The 400 genes were then subjected to predicted function analysis based on Clusters of Orthologous Groups (COGs) assignment, which could help to discard the non-essential genes and keep more reliable candidates with conserved functional roles. Therefore, the genes without COGs classification (78 genes), or falling into the categories of function unknown ([S], 29 genes) and general function prediction only ([R], 49 genes) were all removed first. Then, genes annotated as secondary metabolite biosynthesis/transport/catabolism ([Q], 10 genes) were excluded too, because these genes are usually tightly temporally regulated by physiological or environmental signals and multiple regulators22,23. Regulators contain diverse protein families and their encoding genes usually present the growth-phase dependent expression profiles20. Thus genes annotated as regulators (66 genes) were also removed here. Taken together, total 232 genes were excluded after the biological function analysis. The remaining 168 qualified genes were listed in Supplementary Dataset S3.

To ensure RGs have comparable transcript levels to the target genes2, the transcript abundances described by the values of RPKM (see Methods) of all genes in S. coelicolor M145 were analyzed based on RNA-Seq data. As shown in Fig. 4, the transcript levels of the vast majority of genes of S. coelicolor M145 were concentrated in the range of 0.5 to 2 (log10-transformed RPKM value), few genes showed extremely high or low transcript abundances. This phenomenon might be reasonable, because a robust metabolic network is essential to keep a cell survival, while it is quite difficult to form the balanced pathways or a robust metabolic network with numerous genes showing the dramatically different transcript levels24. The range of the transcript abundances of the 168 genes, from −0.42 to 2.25 (log10-transformed RPKM value), showed almost 90% coverage of that of all genes in M145 (Fig. 4). To facilitate the experimental validations, we finally selected 13 genes with different functions and comparable transcript levels to most of genes (Table 1 and Fig. 4).

Table 1 Thirteen candidate RGs in S. coelicolor M145.
Figure 4
figure 4

Transcript abundances of genes measured by RNA-Seq in S. coelicolor M145.

Transcript abundances of all measured genes (gray circles), the 168 qualified candidate RGs (blue dots), the 13 experimentally validated RGs (yellow dots), the five selected RGs (the arrow pointed yellow dots) and the currently used RG hrdB (red dot). Transcript abundance was shown in a log10-transformed scale.

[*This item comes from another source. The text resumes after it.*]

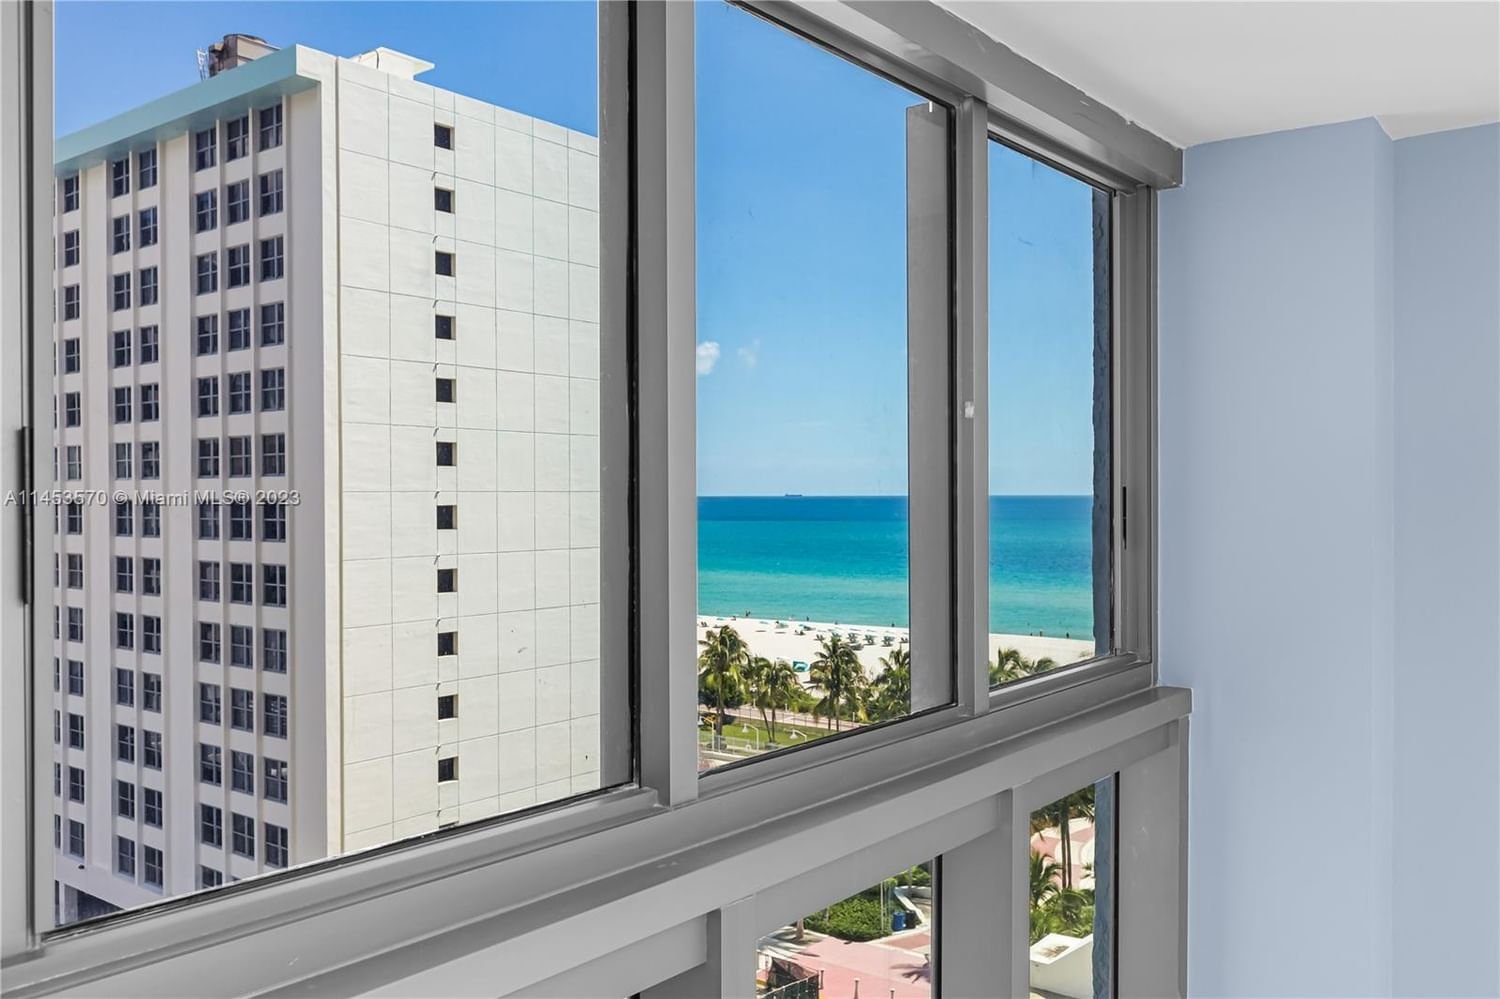 Real estate property located at 2655 Collins Ave #1103, Miami-Dade County, Miami Beach, FL

Evaluating the stabilities of transcript levels of the 13 RGs in S. coelicolor M145

The 13 candidate RGs, which possessed stable transcript levels under different culture conditions, were further subjected to experimental confirmation in M145 by real-time qRT-PCR. Samples of M145 were taken from SMM cultures grown at 18, 24, 42 and 60 h. Variation of the transcript levels of each gene was assessed by coefficient of variation (CV, see Methods) according to the threshold cycle (Ct) values of four time points16. Here, all CV values of the 13 candidates were less than 0.05 (Supplementary Table S2), suggesting every gene showed the stable transcript levels during the different growth phases we tested. Among them, gene SCO3183 encoding a 5-formyltetrahydrofolate cyclo-ligase showed the lowest CV value of 0.008 and displayed the narrowest dispersion of Ct values (Fig. 5), implying it might have a more constant transcript level than other candidates.

Figure 5
figure 5

Stabilities of transcript levels of the candidate RGs in different S. coelicolor strains.

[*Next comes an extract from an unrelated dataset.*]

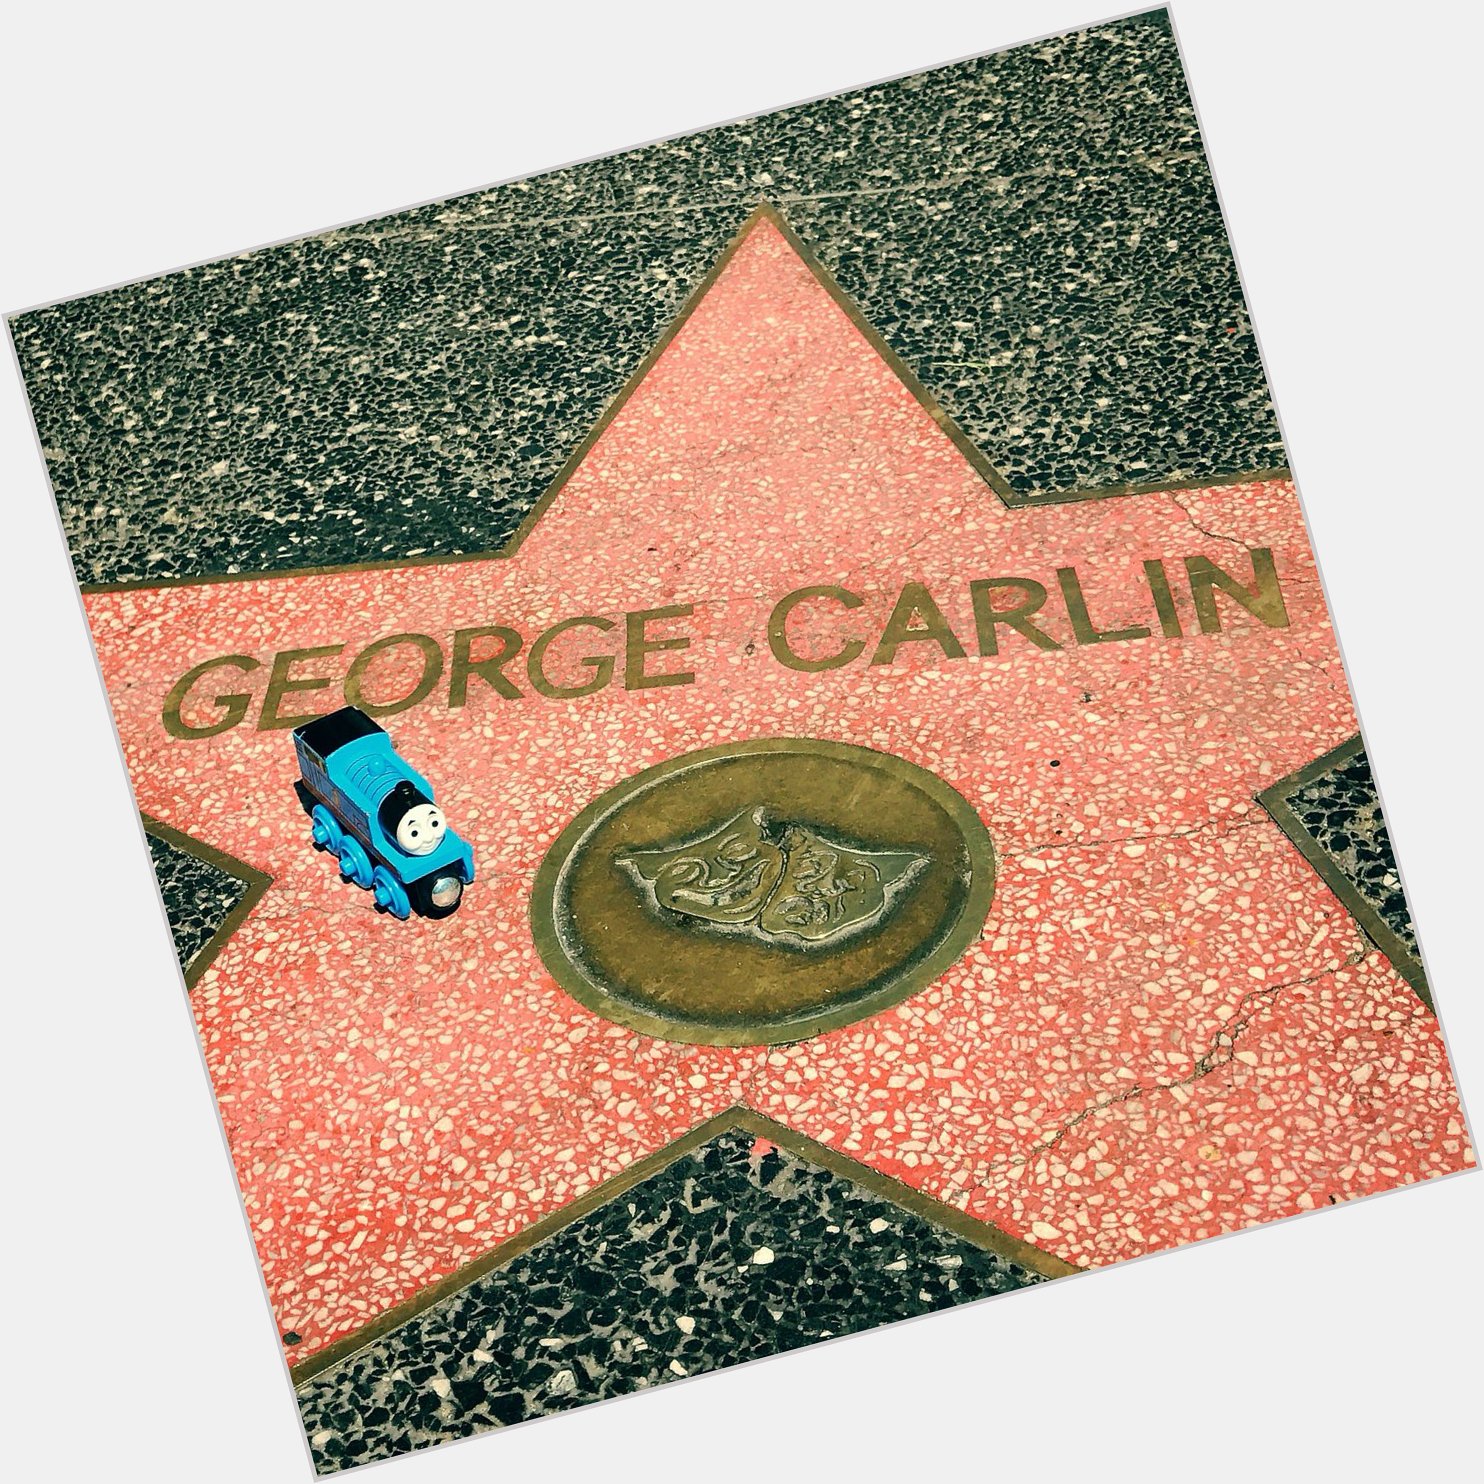 Happy birthday to Thomas narrator George Carlin!

The Box-and-Whisker plot indicates the range of Ct values from different growth stages of the candidates in S. coelicolor M145 and M1146. Two whiskers indicated the maximal and minimal Ct values. The box provides a simple description of a distribution of values by depicting the 25th and 75th percentile values as the bottom and top of a box, respectively. The median is depicted as a line across the box.

To avoid the potential bias, stabilities of the transcript levels of the 13 genes were further assessed by three different algorithms GeNorm11, NormFinder25 and BestKeeper26 simultaneously. As shown in Table 2, all genes showed the stable transcript levels as their stability values all within the individual threshold of each algorithm (see Methods), except for gene SCO1596 (a putative osmosensitive K+ channel histidine kinase) that exceeded the upper limit of stability value recommended by BestKeeper. The stability orders of genes ranked by the three algorithms showed minor differences (Table 2), which mainly ascribed to the distinct analytical principles of these algorithms14. The top five genes in the combined results of the three algorithms were SCO0710, SCO6185, SCO1544, SCO3183 and SCO4758, which were almost the same as those suggested by geNorm, NormFinder and BestKeeper (Table 2). Therefore, they were finally selected as the candidate RGs.

Table 2 Stabilities of transcript levels of the 13 candidate RGS evaluated by three different algorithms.

According to COGs, SCO0710 is responsible for amino acid transport and metabolism. SCO6185 encodes a glycosyltransferase, which is closed to the biosynthesis of cell wall27. SCO4758 encodes a conserved protein, S-adenosyl-L-methionine:tRNA (uracil-5-)-methyltransferase, which might be essential for the viability of streptomycetes28. SCO1544 encodes a putative protein disulfide isomerase (PDI) and it is highly conserved in streptomycetes. As PDI is an essential catalyst in protein folding29, SCO1544 might play a critical role in this genus. SCO3183 encoding a 5-formyltetrahydrofolate cyclo-ligase is unique in S. coelicolor and very conservative in 63 different Streptomyces species as analyzed by protein alignment, implying the biological function of SCO3183 might be indispensable. Considering the putative important roles of the five genes, maybe it was reasonable to choose them as RGs for S. coelicolor.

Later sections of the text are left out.